ベンチプレスは5kg伸ばすだけでも時間がかかることがある一方、スクワットやデッドリフトはフォーム改善だけで10kg以上伸びる場合もあります。
| 次の合計 | 例の配分 | 意識する点 |
|---|---|---|
| 325kg | 75kg・110kg・140kg | 弱点の底上げ |
| 350kg | 80kg・120kg・150kg | 練習量の管理 |
| 400kg | 100kg・130kg・170kg | 長期計画 |
合計だけを追うと苦手種目から目をそらしやすいため、次の目標は種目別に決め、どこを伸ばせば合計が最も安定するかを考えるのが効果的です。
体重階級を意識する
BIG3 300kgを超えて伸ばす段階では、自分の体重をどう扱うかも重要になります。

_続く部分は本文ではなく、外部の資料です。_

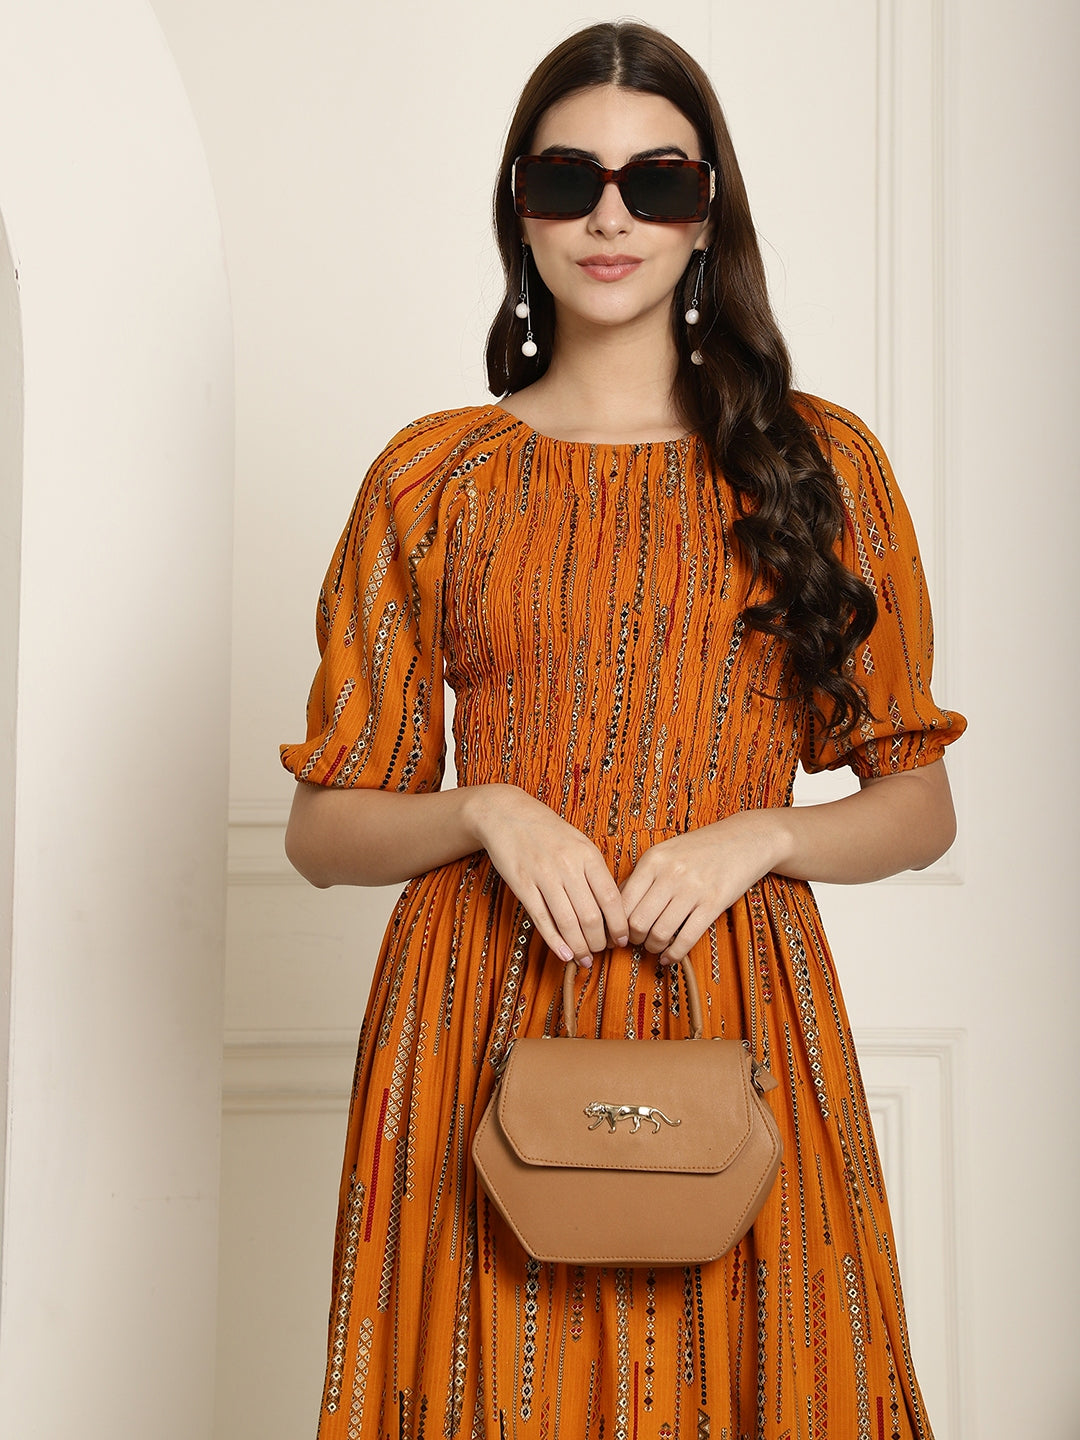 Aawari Mustard Printed A-Line Midi Dress With Extended Sleeves

筋量を増やして絶対重量を伸ばすのか、体重を維持して体重比を高めるのか、減量しながら同じ記録を保つのかによって、トレーニングと食事の方針は変わります。
競技を考える人であれば階級ごとの有利不利も関係しますが、一般的な筋トレ目的なら、まずは健康的に動ける体重で記録を伸ばすことを優先したほうが続けやすいです。

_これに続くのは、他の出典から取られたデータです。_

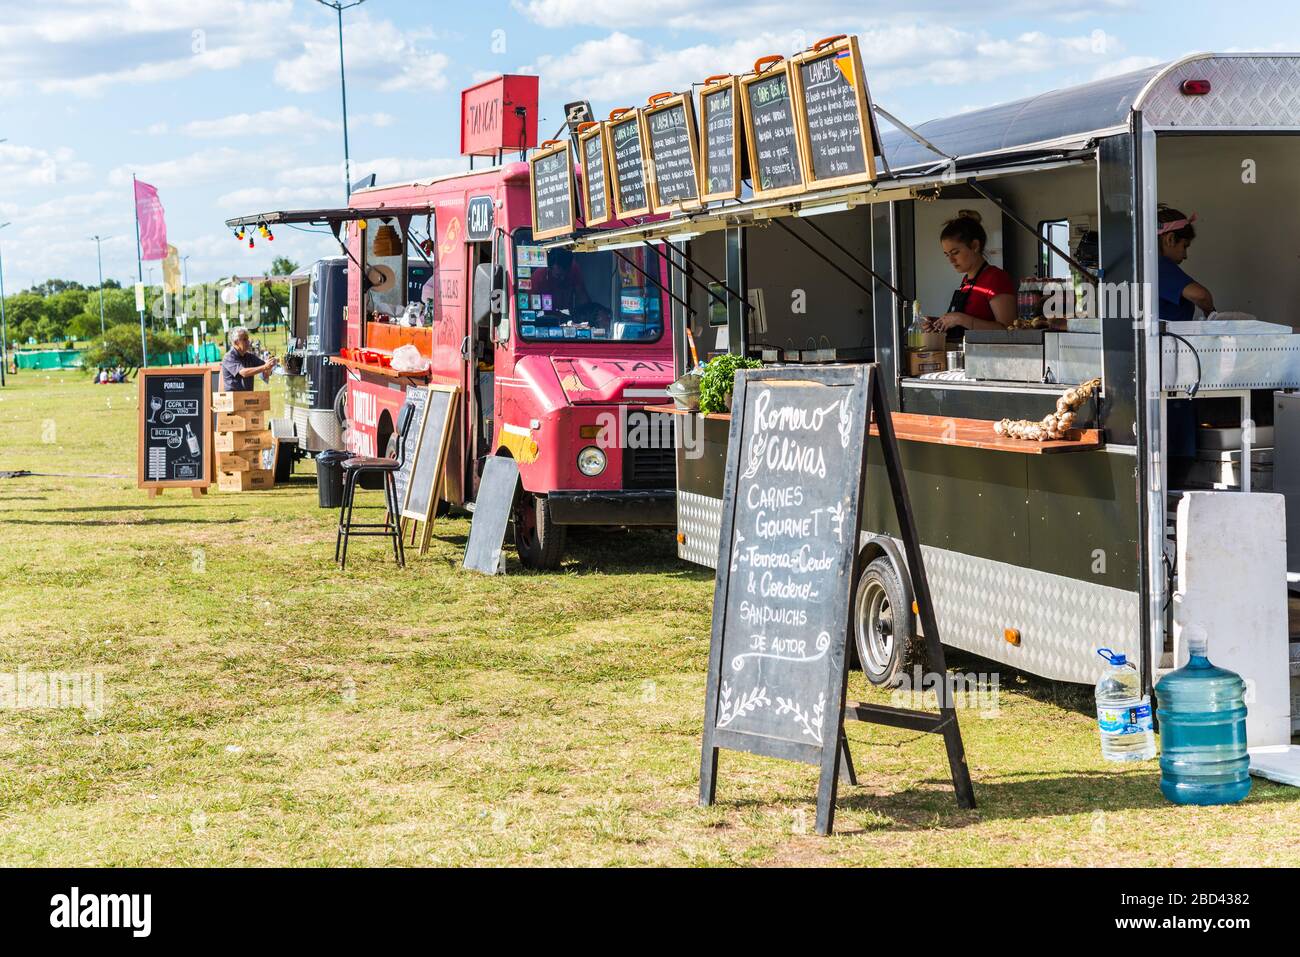 Vicente Lopez, Argentina - December 21, 2019: Food trucks and people Stock Photo

体重を増やせば一時的に記録が伸びやすくなる一方、増量幅が大きすぎると見た目やコンディションに不満が出ることもあるため、数kg単位で変化を確認しながら調整しましょう。
記録管理を習慣にする
BIG3 300kg以降は、感覚だけで練習すると伸びているのか停滞しているのか判断しにくくなります。
重量、回数、セット数、主観的なきつさ、睡眠時間、体重、痛みの有無を記録しておくと、どの条件で記録が伸びやすいかが見えてきます。
- 重量と回数
- セットごとの余裕度
- 体重と睡眠時間
- 痛みや違和感
- フォーム動画の所感
記録を残す目的は自分を縛ることではなく、調子が悪い原因を探し、伸びた要因を再現するためなので、完璧な日記よりも続けられる簡単な形式を選ぶのがおすすめです。
BIG3 300kgの目安を自分の基準に落とし込む
BIG3 300kgは、筋トレ初心者から初中級者にとって大きな節目であり、バーベルトレーニングを継続してきた成果を感じやすい数字です。
ただし、同じ300kgでも体重60kgの人と90kgの人では評価が変わり、男性と女性、競技基準とジム内の自己測定、1RMとセット重量でも意味が変わります。
目安としては、ベンチプレス70kg、スクワット100kg、デッドリフト130kg前後のような配分を一つの基準にしながら、自分の得意不得意に合わせて合計を組み立てると現実的です。
300kgを安全に目指すには、MAX挑戦を繰り返すよりも、フォームの再現性、週ごとの練習頻度、少しずつ負荷を上げる仕組み、食事と睡眠の土台を整えることが重要です。
BIG3 300kgはゴールであると同時に、350kgや400kgへ進むための出発点でもあるため、他人の数字に焦らず、自分の体重、目的、生活リズムに合った基準として活用しましょう。